Pelvic Zone Issues

Good Catholics: The Battle over Abortion in the Catholic Church
By Patricia Miller
Berkeley: University of California Press, 2014, 332 pp., $34.95, hardcover

Reviewed by Mary E. Hunt

Competition is keen from some Mormons and evangelicals, but the Roman Catholic Church takes the prize when it comes to thwarting women’s reproductive justice. Patricia Miller, with a journalist’s eye and a historian’s training, chronicles movements of “good Catholics” to counter the institutional church’s power, both political and theological. That US Catholic women now use birth control and have abortions in virtually the same numbers as other religious people is one measure of change. Another measure, perhaps more important, is that the official church has been thoroughly discredited, due to priest pedophilia covered up by bishops.

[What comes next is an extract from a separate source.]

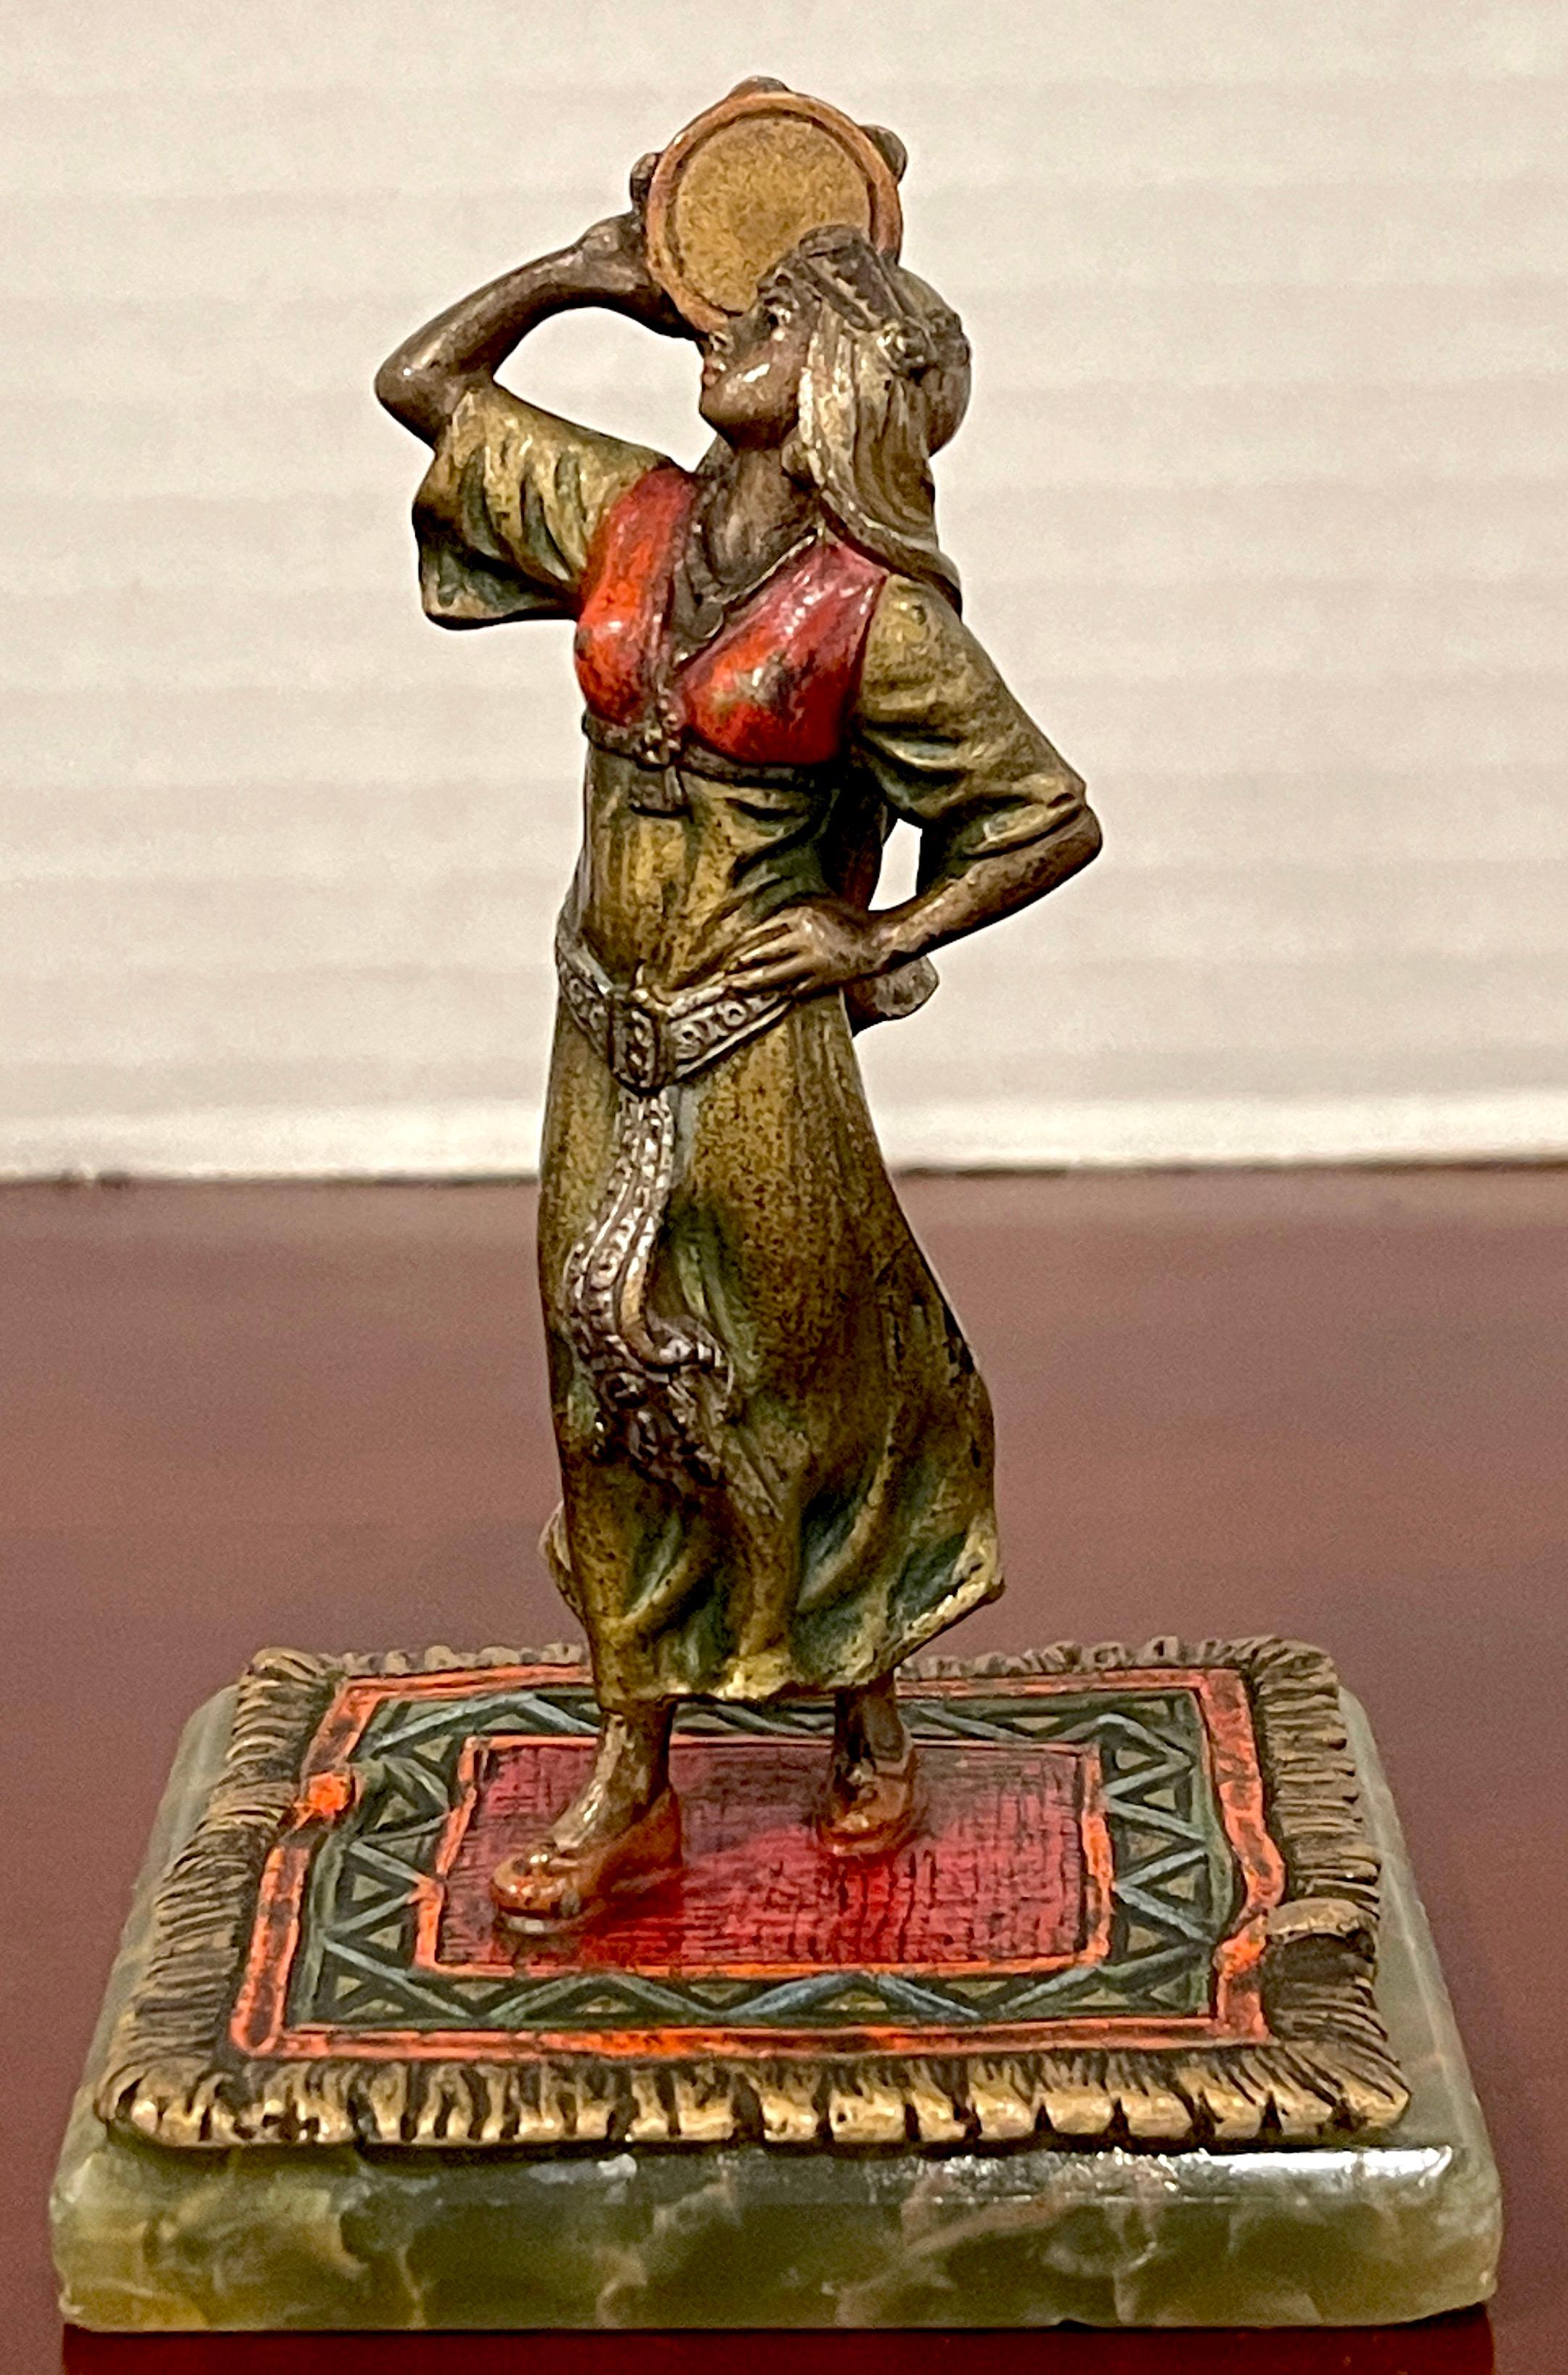 Vienna cold painted bronze 'Carmen' attributed to Bergman, Brilliantly enameled, of a gypsy girl with tambourine standing on a oriental rug, mounted on a conforming green onyx base.

Miller’s detail-dense prose makes her book a serious study instead of what could have been a partisan puff piece. Having been involved in Catholic feminist efforts for years (including a decade on the board of Catholics for a Free Choice), I, like Miller, know many of the players and events quite well. Still, I learned a great deal from this book, in which the author concludes that “the forty-year fight over reproductive rights had never been about abortion; it had always been about women and sex—specifically, the ability of women to have sex without the consequence of pregnancy.” (By implication, queer sex is also off limits, but Miller would need another volume to unravel that saga.)

Women’s power to make decisions, to be priests, to function as full human beings is simply anathema to male church authorities. Miller captures the widespread commitment to change that is the work of many different people and groups. Progress is slow; backlash is virulent. These days, fewer and fewer people seem to care. With this study we can see why: religion can be a dirty business.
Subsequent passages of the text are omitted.